The Riverside Brookfield High School District 208 Board of Education approved a tentative 2014 fiscal year budget with a projected $200,000 surplus.

"It is great to finally see a budget that is not based on cuts or reductions," said Board President Matt Sinde. "It reflects the hard work of Dr. Skinkis and his staff to get the district's operations and finances where they are today." He said the fiscal year 2014 budget surplus allows for increases in certified staff, interventions for students, and funds to address technology and capital issues that have been on hold for several years.

The budget includes the addition of three certified staff members, an additional $100,000 to improve technology infrastructure and capital, and $200,000 to address capital repairs such as roof sections. The Behavior Intervention Specialist and a Special Education Transition Specialist positions will be increased from part-time to full-time. There will also be no early retirement penalties for fiscal year 2014.

District 208 Superintendent Kevin Skinkis said a number of steps have been taken over the past two years to  reduce expenses. The district moved from being self-insured to joining a health insurance cooperative that includes 90 other schools. The district is also monitoring personnel costs by aligning certified staffing with student course requests. The Board adopted a policy for minimum course enrollment to ensure that personnel costs are aligned with required classes or classes in high demand.
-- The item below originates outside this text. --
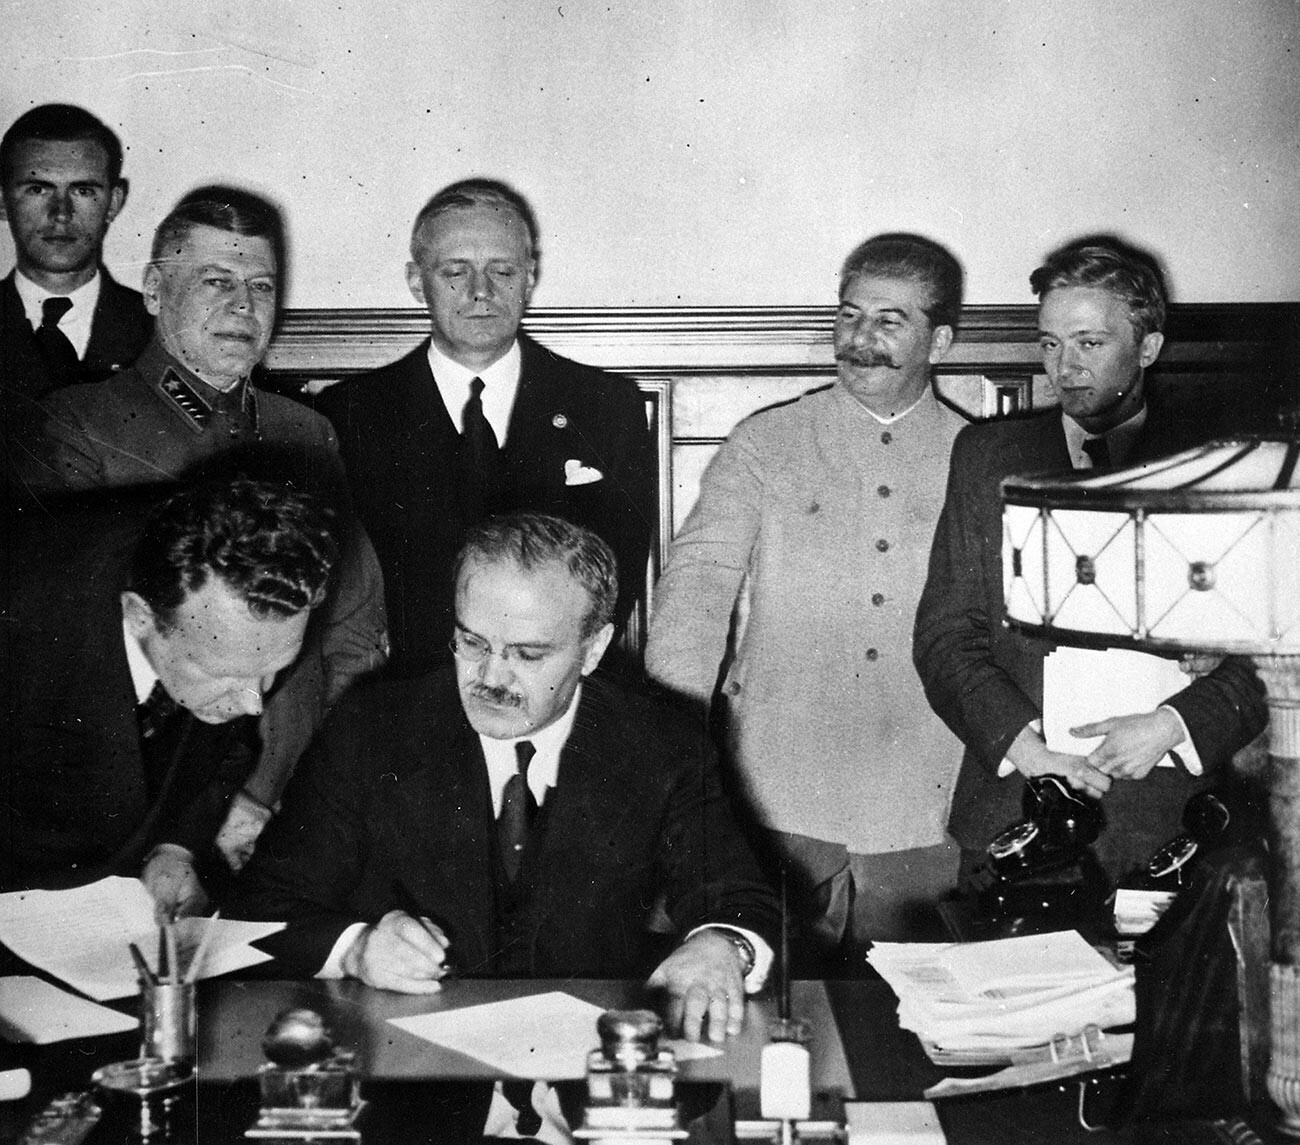 Der russische Außenminister Wjatscheslaw Molotow mit dem deutschen Minister von Ribbentrop und Josef Stalin.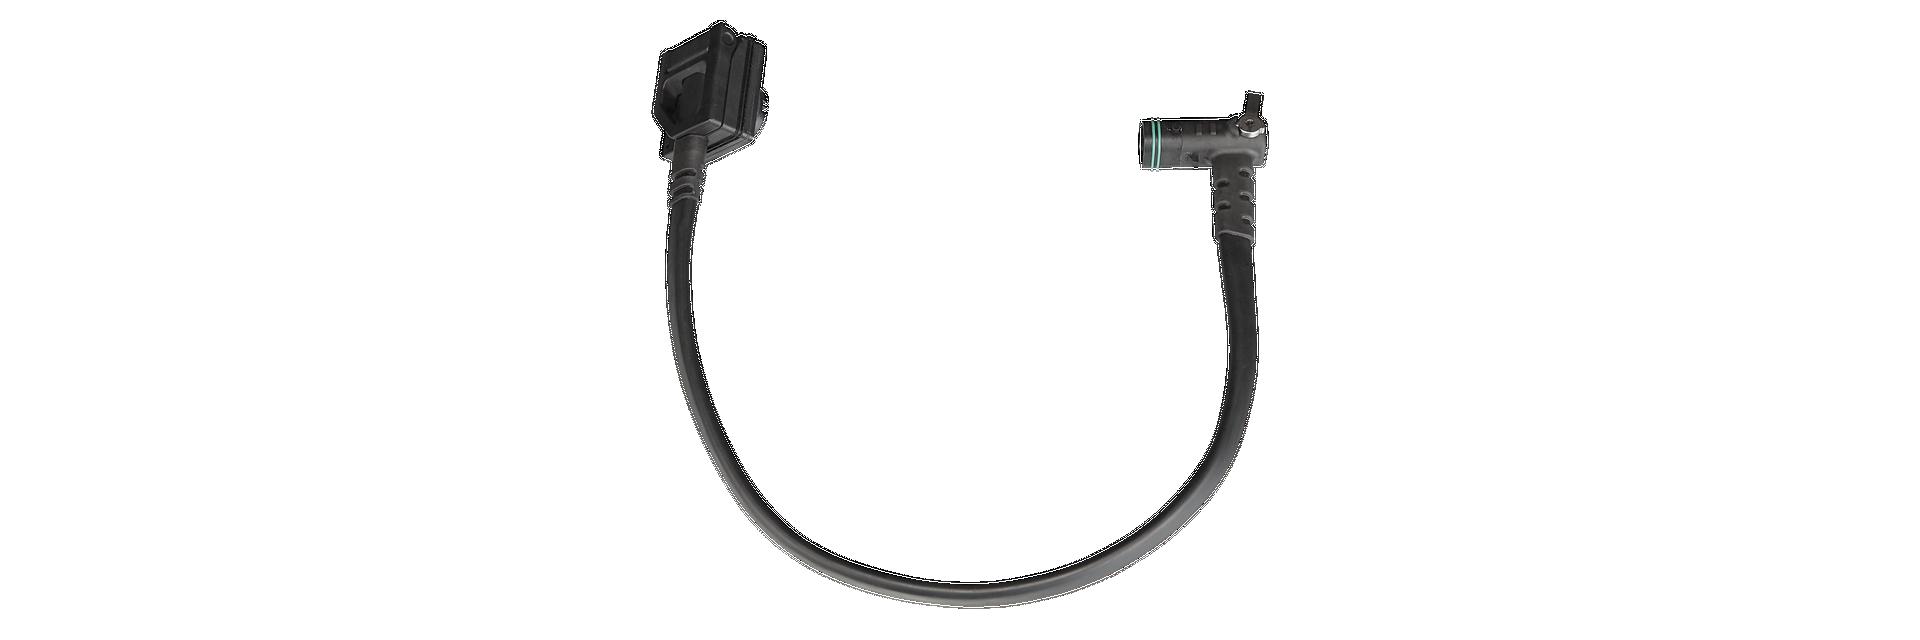 Specialized Levo FSR G3 Main Wiring Harness

The Board must approve classes with an enrollment of less than 20 students.

The Board also took other cost-saving measures such as revising the facility usage agreement and fee schedule to increase revenue, hiring a consultant to assist the district in re-cooping Special Education expenditures, restructuring the custodial maintenance agreement, restructuring service agreements and contracts with vendors to minimize expenditures and increase revenue, and establishing Intergovernmental Agreements with feeder school districts and villages. 

"Every stakeholder has made some sacrifice over the past two years, and we appreciate everyone's hard work," Skinkis said. "We have implemented operational changes that will allow us to better monitor revenue and expenditures, and align them with our local, state and federal funding sources.

"While this budget is great news, the next task is to sustain this type of budget and operation moving forward, while meeting the educational needs of our students and the capital needs of the district," Skinkis said. "We still have a lot of work to do."